The story-based metaphor works. The no-login exploration model is smart. The visual design is clean.
But a learner who completes a lesson finds their progress ring still at zero. A new learner landing on the homepage
sees a donation modal before seeing a single sentence about what Oppia teaches. A learner who exits the lesson player
by accident finds no obvious way back in.
The highest-impact fixes — progress persistence, the donation modal, the loading screen — are engineering and
product-policy decisions, not design redesigns. They are fast to fix and carry outsized impact for Oppia's primary audience:
learners in under-resourced communities where every second of load time and every moment of lost progress matters.
The 3-source blended evaluation produces a grade of B- / 71.1% —
a high B-minus that reflects real strengths alongside high-impact, addressable gaps.
Getting to a solid B+ requires fixing only the top four issues.
| Sprint | Action |
|---|---|
| Immediate | Audit and fix authenticated user progress persistence pipeline (H06 — Critical, confirmed by all 3 sources) |
| Immediate | Add "Sign in to save progress" prompt at lesson start for guest users (H07) |
| Sprint 1 | Implement donation-modal frequency cap (max once / 30 days); persistent nav link instead (H08 — NEW from human panel) |
| Sprint 1 | Add skeleton screen / branded spinner to lesson player loading state (H01) |
| Sprint 1 | Add visible "← Back to [Topic]" button in lesson player header (H03 — confirmed by all 3 sources) |
| Sprint 1 | Fix Angular router to set meaningful page title on every navigation event (H01) |
| Sprint 2 | Add ARIA live region for SPA navigation announcements (H01/H11 — Codex severity-3) |
| Sprint 2 | Add "Continue where you left off" widget on homepage and classrooms (H07) |
| Sprint 2 | Add visible :active CSS state to all buttons and interactive elements (H08 — human consensus) |
| Sprint 2 | Standardize vocabulary: one term set across nav, headings, breadcrumbs, URLs (H04) |
| Sprint 3 | Fix H1 heading hierarchy across all classroom page templates (H11) |
| Sprint 3 | Persist cookie consent in localStorage; add decline / manage-preferences option (H08) |
| Sprint 3 | Run full axe-core + manual screen-reader audit — surface audit covers visible issues only (H11) |
These three dimensions extend beyond the Nielsen Norman 10+H11 framework. H13 (Customer Journey) was assessed by both Codex and the human panel; H12 and H14 are human-panel only. These scores do not alter the core blended grade.

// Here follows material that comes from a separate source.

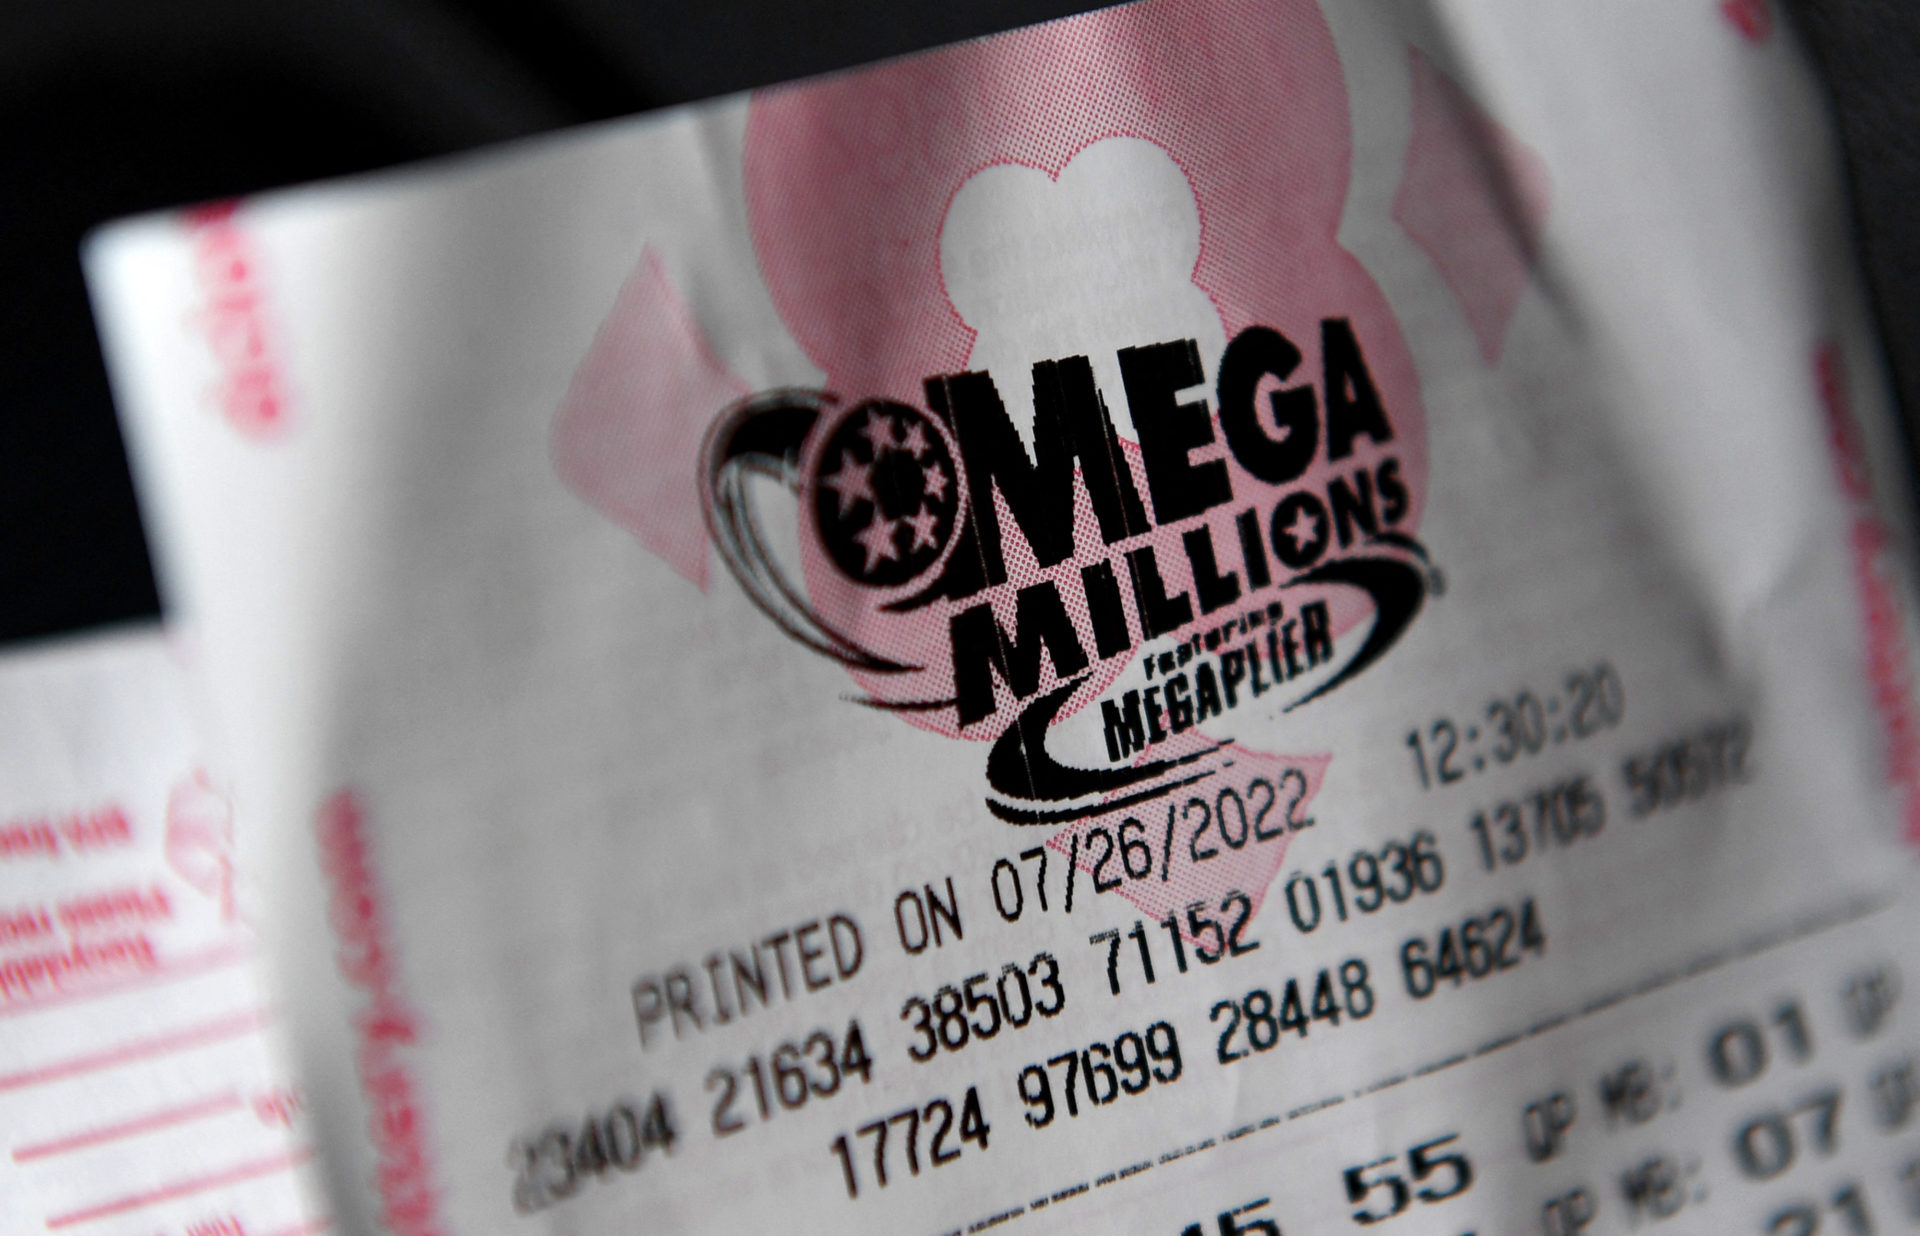 Mega Millions' next drawing in 2022 is sooner than you think

AI-1 — Claude (Sonnet 4.6, Medium Reasoning): 83 checklist items rated via live Playwright browser session. Pages: Homepage, Math Classroom, Place Values Topic, Lesson Player. Agent modes: Generalist UX Researcher, Accessibility Specialist, Content Strategist. HIL calibration gates at mid-audit and final review.
AI-2 — Codex (GPT-5.5, Extra High Reasoning): Independent heuristic evaluation against the same 11 core heuristics + H13 Customer Journey. Report: oppia-uxhc-final-report.md (2026-05-02). 83 items, same 0–4 severity scale.

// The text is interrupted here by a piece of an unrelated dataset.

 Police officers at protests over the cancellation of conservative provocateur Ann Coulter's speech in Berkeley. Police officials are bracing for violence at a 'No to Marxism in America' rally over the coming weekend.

Human Evaluation Panel: 5 evaluators (Human 1, Human 2, Human 3, Human 5, Human 4) assessed the same interface using the same 0–4 severity scale. Source: HE_Unified_Scorecard_LOL_V2.xlsx, synthesized 2026-04-09. H12–H14 supplemental assessed by human panel only.
Blending method: Simple average of all available source scores per heuristic. H01–H11 use 3-way average (AI-1 + AI-2 + Human). H13 uses 2-way (AI-2 + Human). H12 and H14 are human-panel only. Supplemental heuristics not included in core blended grade.
H11 Accessibility: Surface audit only — not a full WCAG 2.1/2.2 compliance test. Both AI audits scored H11 at 50% (C-). A dedicated axe-core or manual screen-reader audit is strongly recommended.
H09 Error Recovery: Codex found no observable failures and scored 100%. Claude and human panel had limited evidence. Overall confidence on H09 is low — the high Codex score should not be taken as confirmation that error recovery is strong.
Out of scope: Authenticated post-completion flows, mobile views, error state messaging, post-login dashboard.